C’était l’hiver en Roumanie. Nous avions préparé quelques cadeaux ainsi que des sacs remplis de poulet, de produits de première nécessité, de friandises et de fruits.

Nous avons garé notre voiture dans une rue sombre, entourée de grands immeubles dans un quartier défavorisé de la ville. Je faisais équipe avec Marius, et nous avons laissé l’Esprit Saint nous guider. Nous sommes entrés dans un immeuble au hasard, avons monté les escaliers, tourné à gauche, puis à droite… jusqu’à nous retrouver devant une porte quelconque.

Nous avons frappé, attendu, puis frappé de nouveau.

Un homme a ouvert. Derrière lui, on pouvait voir une pièce vide et un petit enfant. Il nous dévisagea et, apercevant les sacs dans nos mains, il nous a demandé : « C’est ma belle-mère qui vous envoie ? » Puis, d’un ton sec, il a ajouté : « Je ne veux rien avoir à faire avec elle ! » Il s’apprêtait à refermer la porte.

Nous avons eu juste le temps de lui expliquer que non, ce n’était pas cela. C’était le soir de Noël, et nous avions simplement ressenti une forte conviction de venir frapper à sa porte. Il s’est tu, puis s’est écarté pour nous laisser entrer.

La pièce était vide, avec peu de meubles et une lumière blafarde. L’atmosphère était lourde, triste. Pas de sapin, pas de joie, rien à manger sur la table.

Nous avons commencé à parler avec Bogdan, qui nous a expliqué que sa femme venait de le quitter. Il n’avait plus rien, et se sentait encore plus seul en ce soir de Noël.

Nous avons partagé avec lui des paroles de foi, dans l’espoir de réconforter son cœur brisé. Puis nous avons déposé tous les aliments sur la table, et remis les cadeaux et les friandises à sa petite fille ; son visage s’est illuminé d’un large sourire.

Assis autour de la table, nous avons parlé, ri et prié ensemble, et nous avons senti l’ambiance se transformer. La pièce s’est emplie de paix et de lumière. Ce soir-là, dans ce modeste foyer, la présence de Christ était tangible.

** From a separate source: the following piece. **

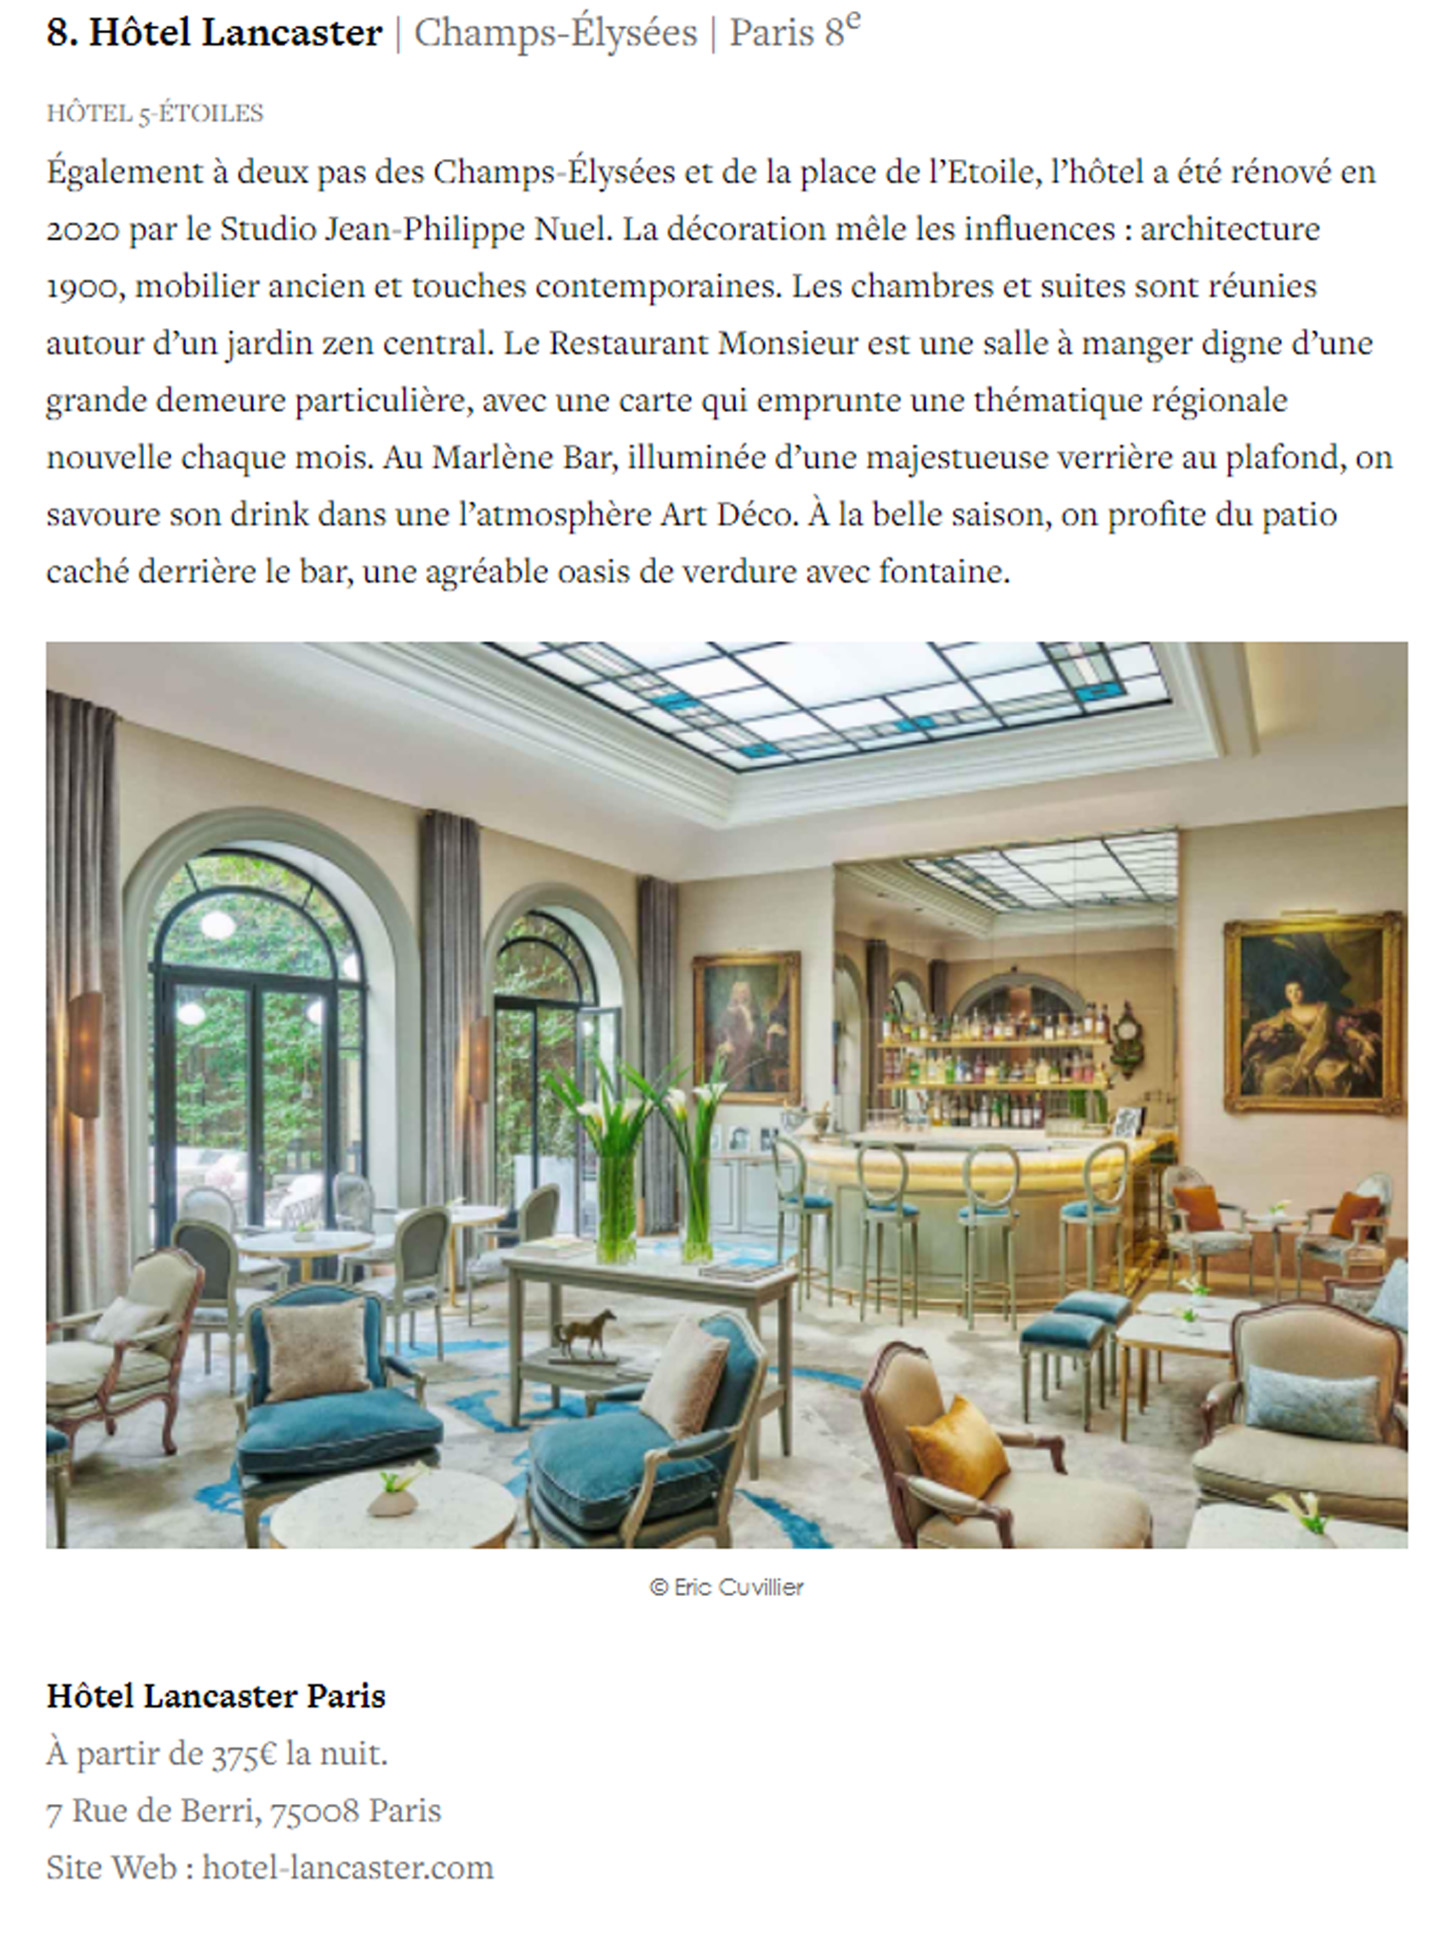 article sur l'hotel le lancaster dans le magazine yonder, hotel de luxe décoré par le studio jean-philippe nuel, architecture d'intérieur, hotel parisien 5 étoiles

En repartant vers notre voiture, Marius et moi n’avons pas dit un mot. Sur le chemin du retour, alors que nous allions retrouver nos familles pour le dîner de Noël, une joie profonde remplissait nos cœurs : celle de la présence de Jésus.

Que votre Noël vous apporte cette même joie, lorsque vous partagerez le véritable sens de cette fête avec ceux qui ont besoin d’espérance — ceux que la vie a blessés, abandonnés ou laissés dans l’ombre.